An anode fabricated by Co electrodeposition on ZIF-8/CNTs/CF for peroxymonosulfate (PMS) activation

A Co@ZIF-8/CNTs-CF anode for PMS activation was prepared by Co electrodeposition on carbon felt (CF) modified with ZIF-8 and carbon nanotubes (CNTs). The results showed that the fabricated Co@ZIF-8/CNTs-CF anode was an effective peroxymonosulfate (PMS) activator toward tetracycline (TC) removal. Compared with that in reaction system of bare CF anode + PMS, the reaction system of Co@ZIF-8/CNTs-CF anode + PMS exhibited 3.08 times decrease in the activation energy demanded and 4.21 times increase in the reaction rate constant (k), resulting in a kinetic favorable process of PMS activation by the Co@ZIF-8/CNTs-CF anode. The enhanced activation performance of the fabricated anode was ascribed to the high contents of the pyrrolic N and low valence state of Co in the Co@ZIF-8/CNTs-CF anode. Furthermore, the influence factors on the character-istics of transformation among the generated reactive species during the anodic PMS activation process were comprehensively investigated by the quenching experiments and the electron paramagnetic resonance (EPR) tests.
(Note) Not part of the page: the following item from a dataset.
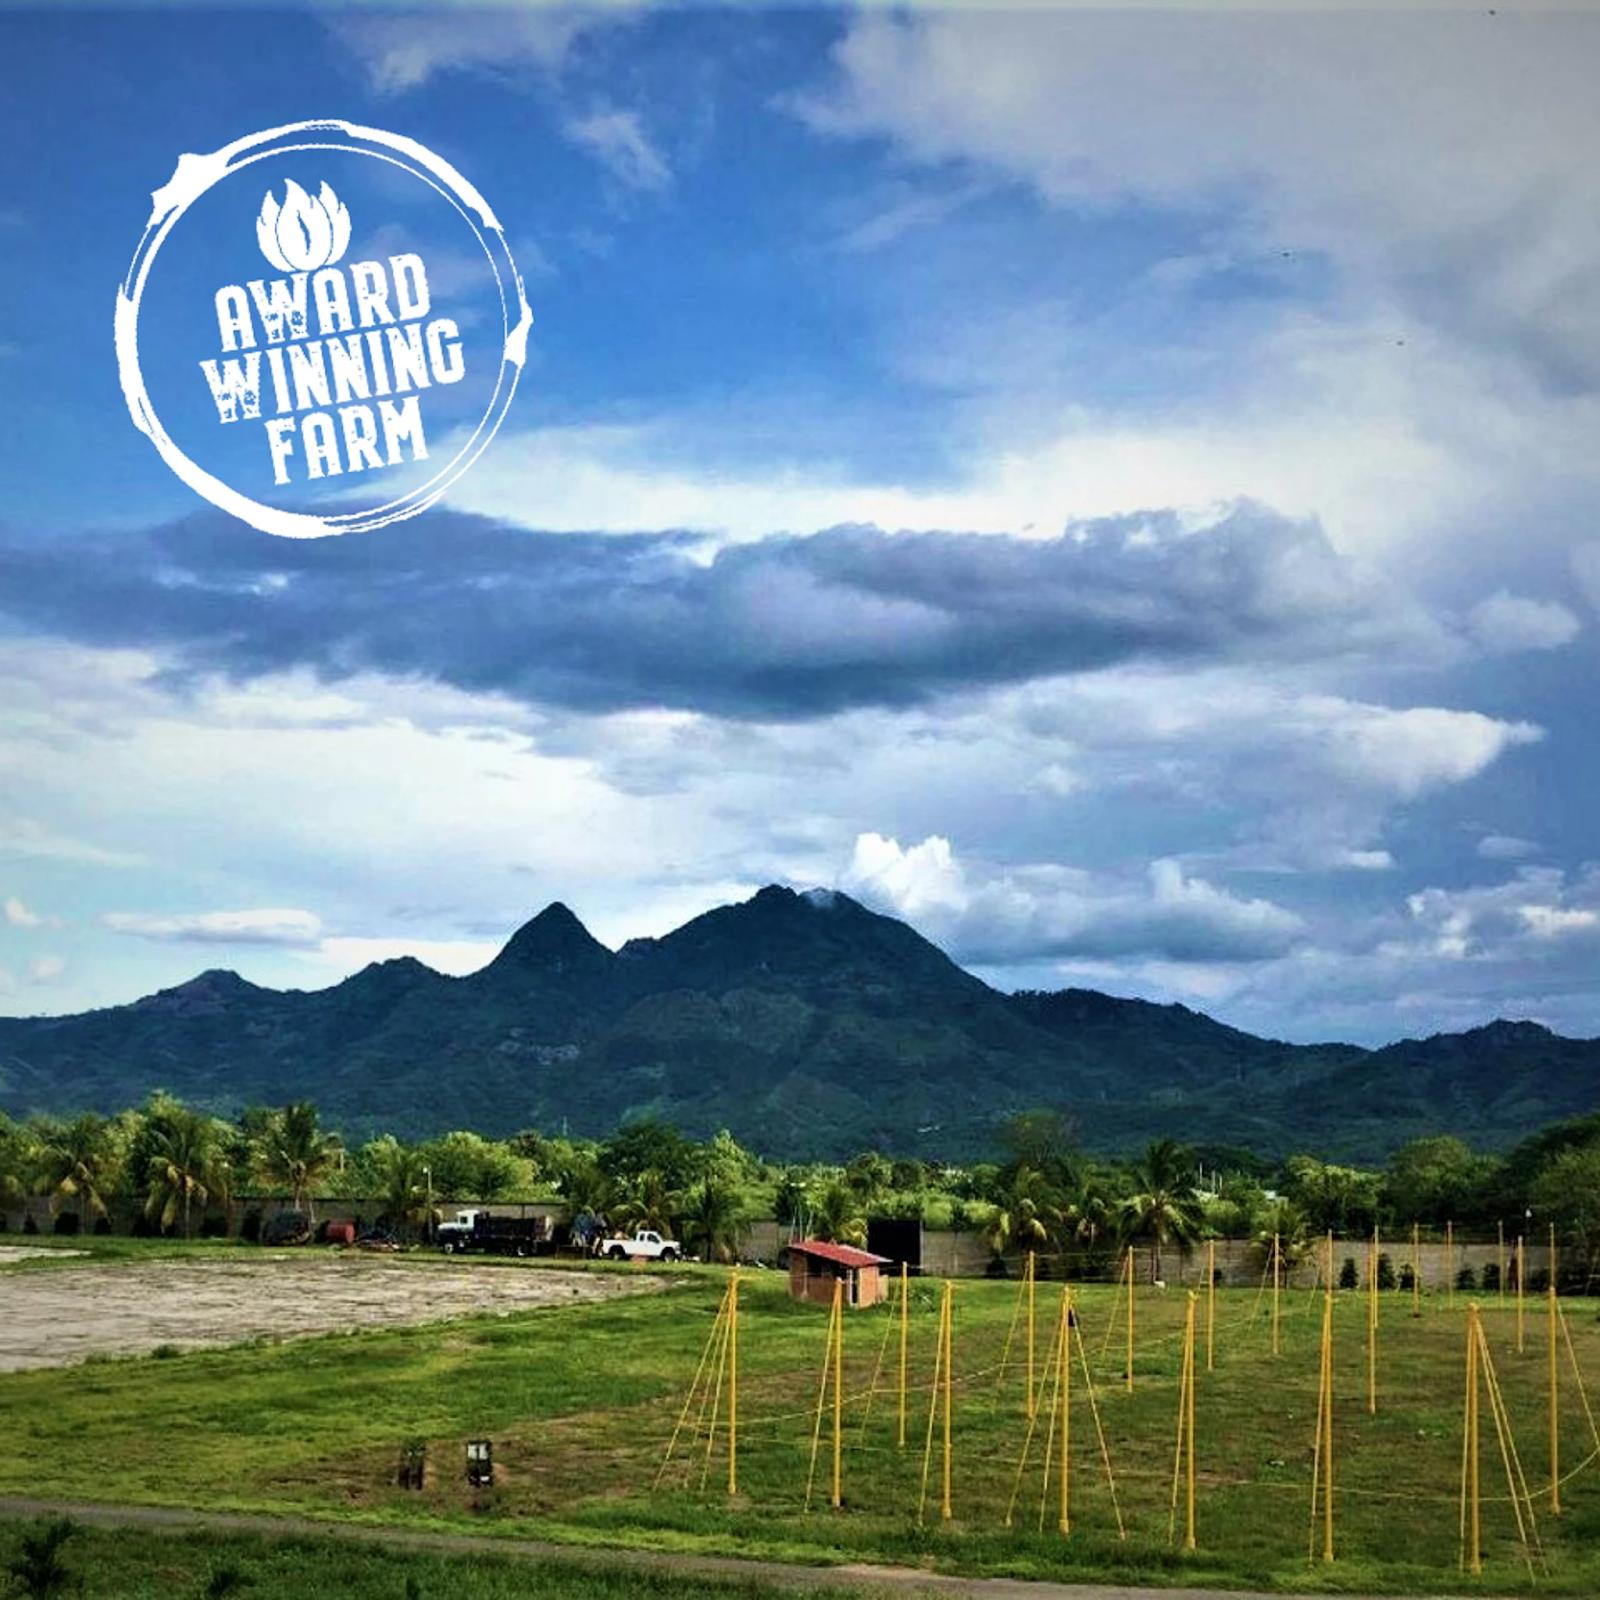 An award-winning farm in Nicaragua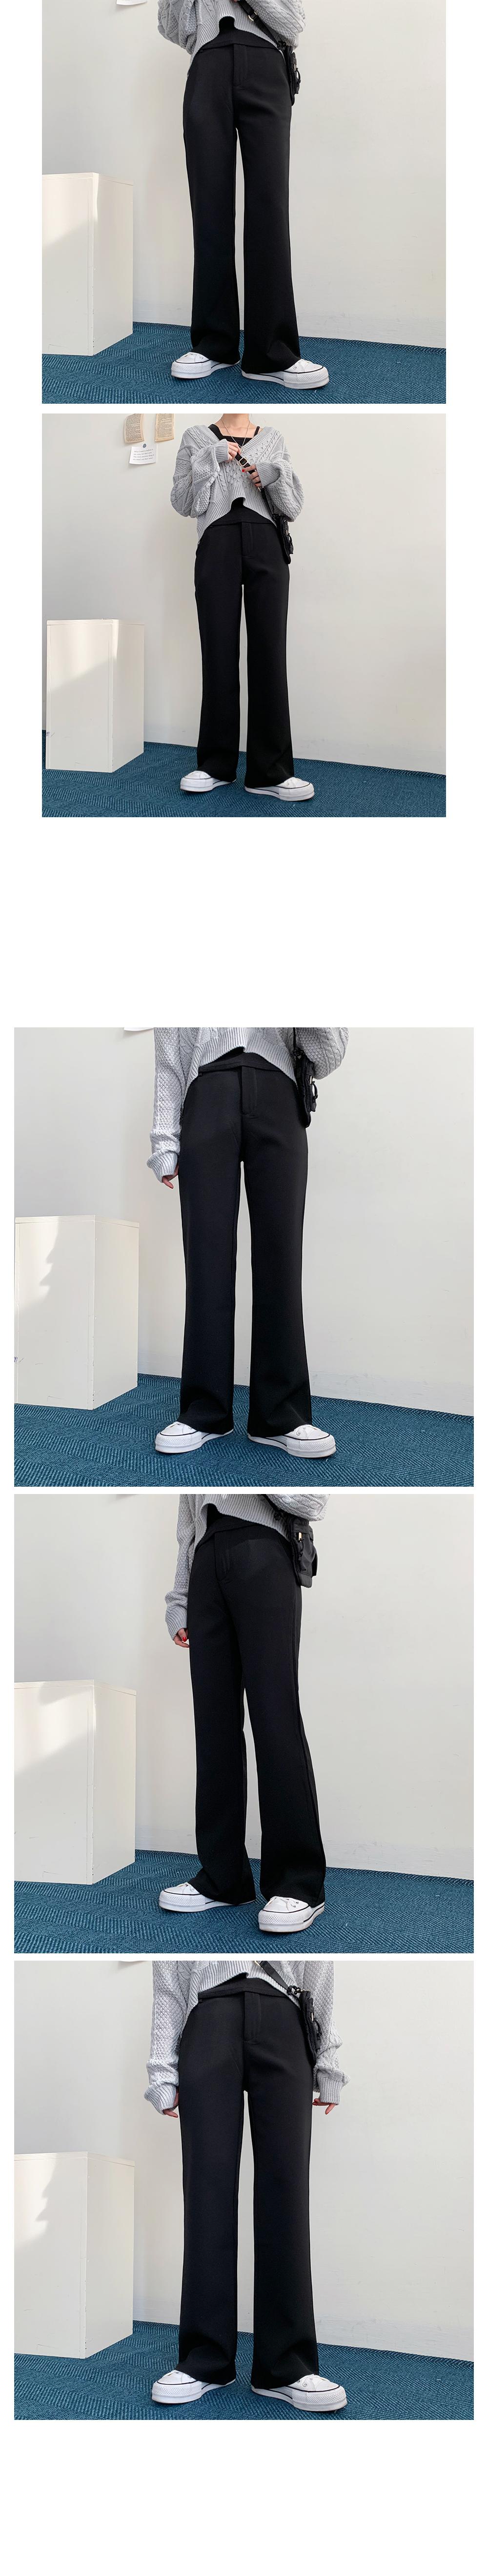 2-meter long long slacks

The results showed that the SO4 center dot-and reactive oxygen-containing reactive species (O2 center dot-and 1O2) were generated during the activation of PMS by anode and became the major contributors toward TC removal. The production of 1O2 was through the dismutation of O2 center dot-. In addition, the EPR experiments demonstrated that O2 center dot- was generated mainly through the anodic PMS activation but the electrochemically driven molecular oxygen reduction reaction (ORR) process. The fabricated Co@ZIF-8/CNTs-CF anode for PMS activation provided a reference for the wastewater treatment based on the electrochemical advanced oxidation processes (EAOPs).

Automated summary

A Co@ZIF-8/CNTs-CF anode was prepared for peroxymonosulfate (PMS) activation, showing enhanced performance in tetracycline (TC) removal compared to a bare CF anode + PMS system. The enhanced activation was attributed to the high pyrrolic N content and low valence state of Co in the Co@ZIF-8/CNTs-CF anode. Quenching experiments and EPR tests revealed the generation of SO4 center dot-and reactive oxygen-containing reactive species (O2 center dot-and 1O2) during PMS activation by the anode, which contributed to TC removal. The anode for PMS activation provides a reference for wastewater treatment using electrochemical advanced oxidation processes (EAOPs).